◆ WHAT YOU ARE ASKED TO DO: Repeat each entry word for word; the images are not part of the copy.

◆ INPUT MATERIAL:
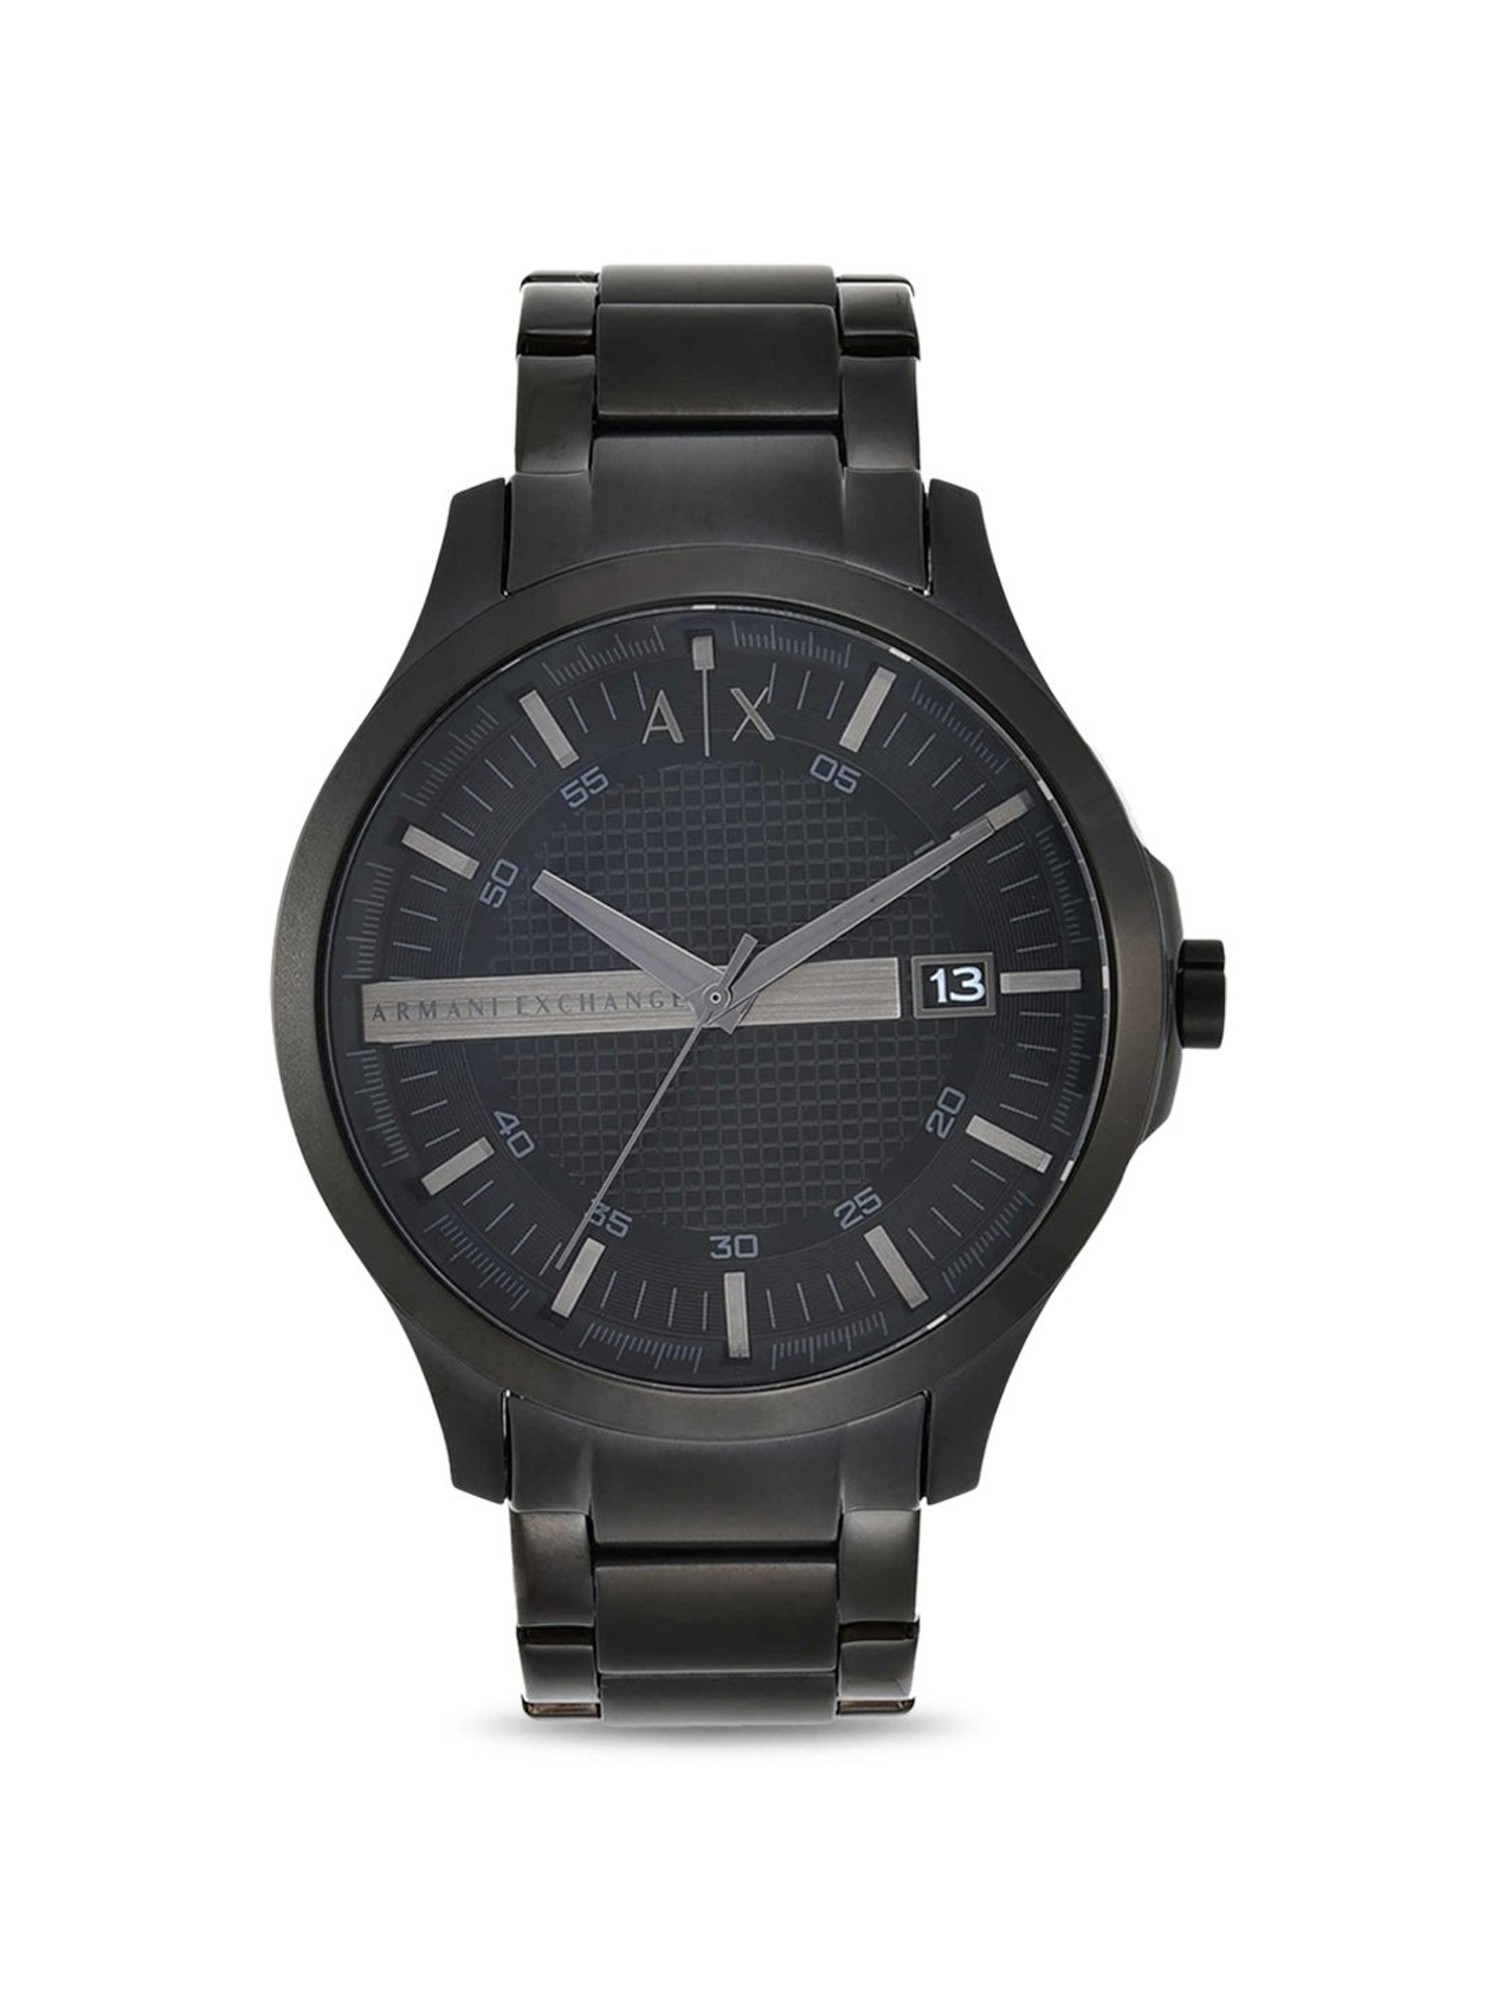 Armani Exchange AX2104 Black Hampton Watch For Men-ARMANI EXCHANGE ...
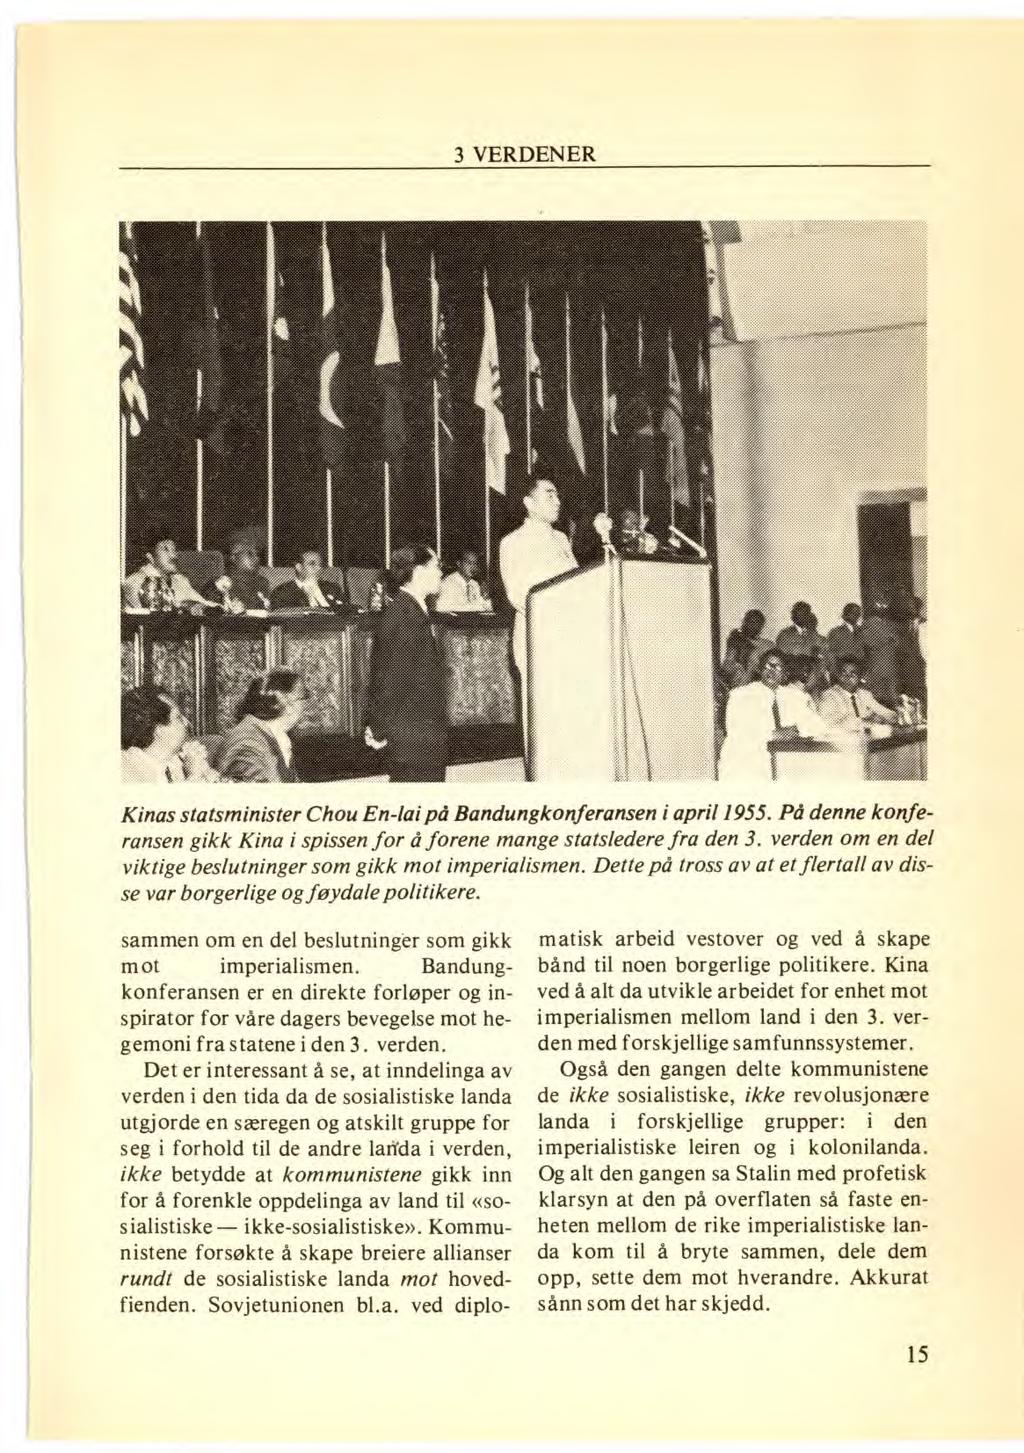 Kinas statsminister Chou En-lai på Bandungkonferansen i april 1955. På denne konferansen gikk Kina i spissen for å forene mange statsledere fra den 3.
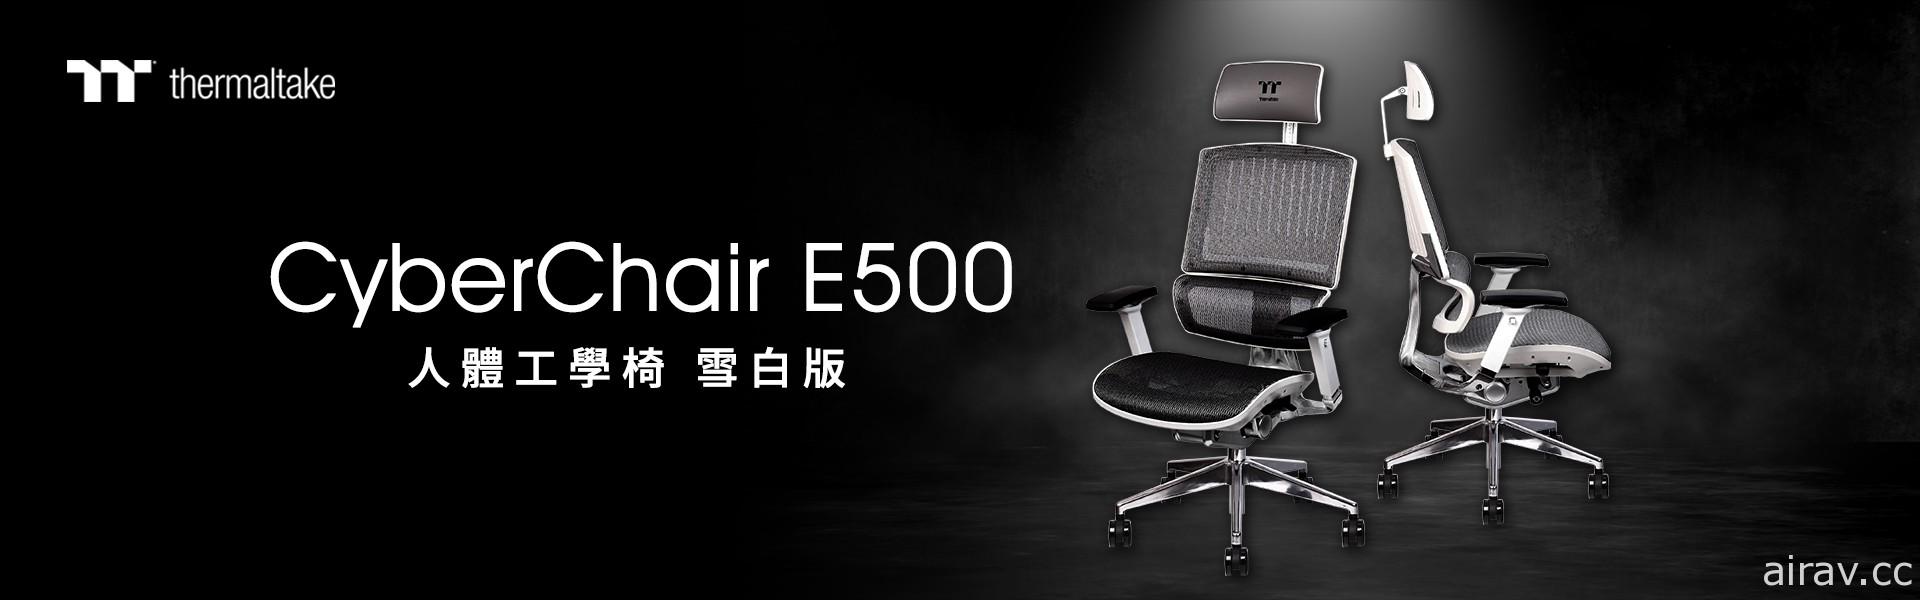 曜越 CyberChair E500 人体工学椅推出雪白版
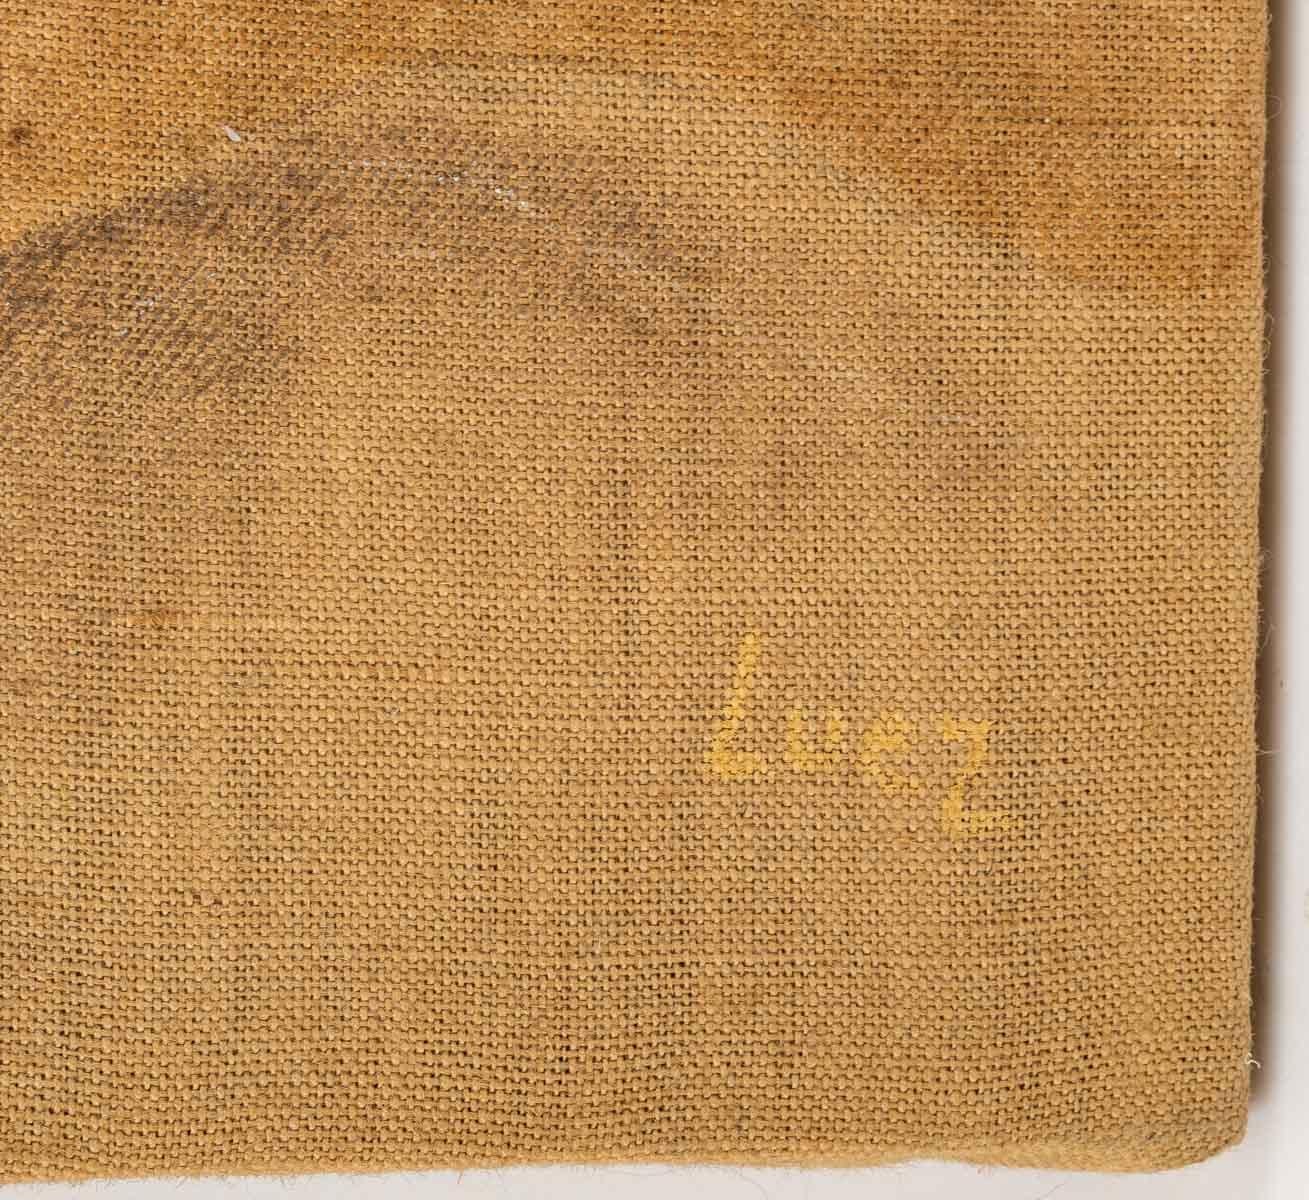 Nude, oil on canvas, 20th century.
School of Paris, Evelyne Luez.
Measures: H: 55 cm, W: 81 cm.

◆ RESULT OF THIS EXERCISE:
 Armani Exchange AX2104 Black Hampton Watch For Men-ARMANI EXCHANGE ...
 Kinas statsminister Chou En-lai på Bandungkonferansen i april 1955. På denne konferansen gikk Kina i spissen for å forene mange statsledere fra den 3.
 曜越 CyberChair E500 人体工学椅推出雪白版
 Nude, oil on canvas, 20th century.
School of Paris, Evelyne Luez.
Measures: H: 55 cm, W: 81 cm.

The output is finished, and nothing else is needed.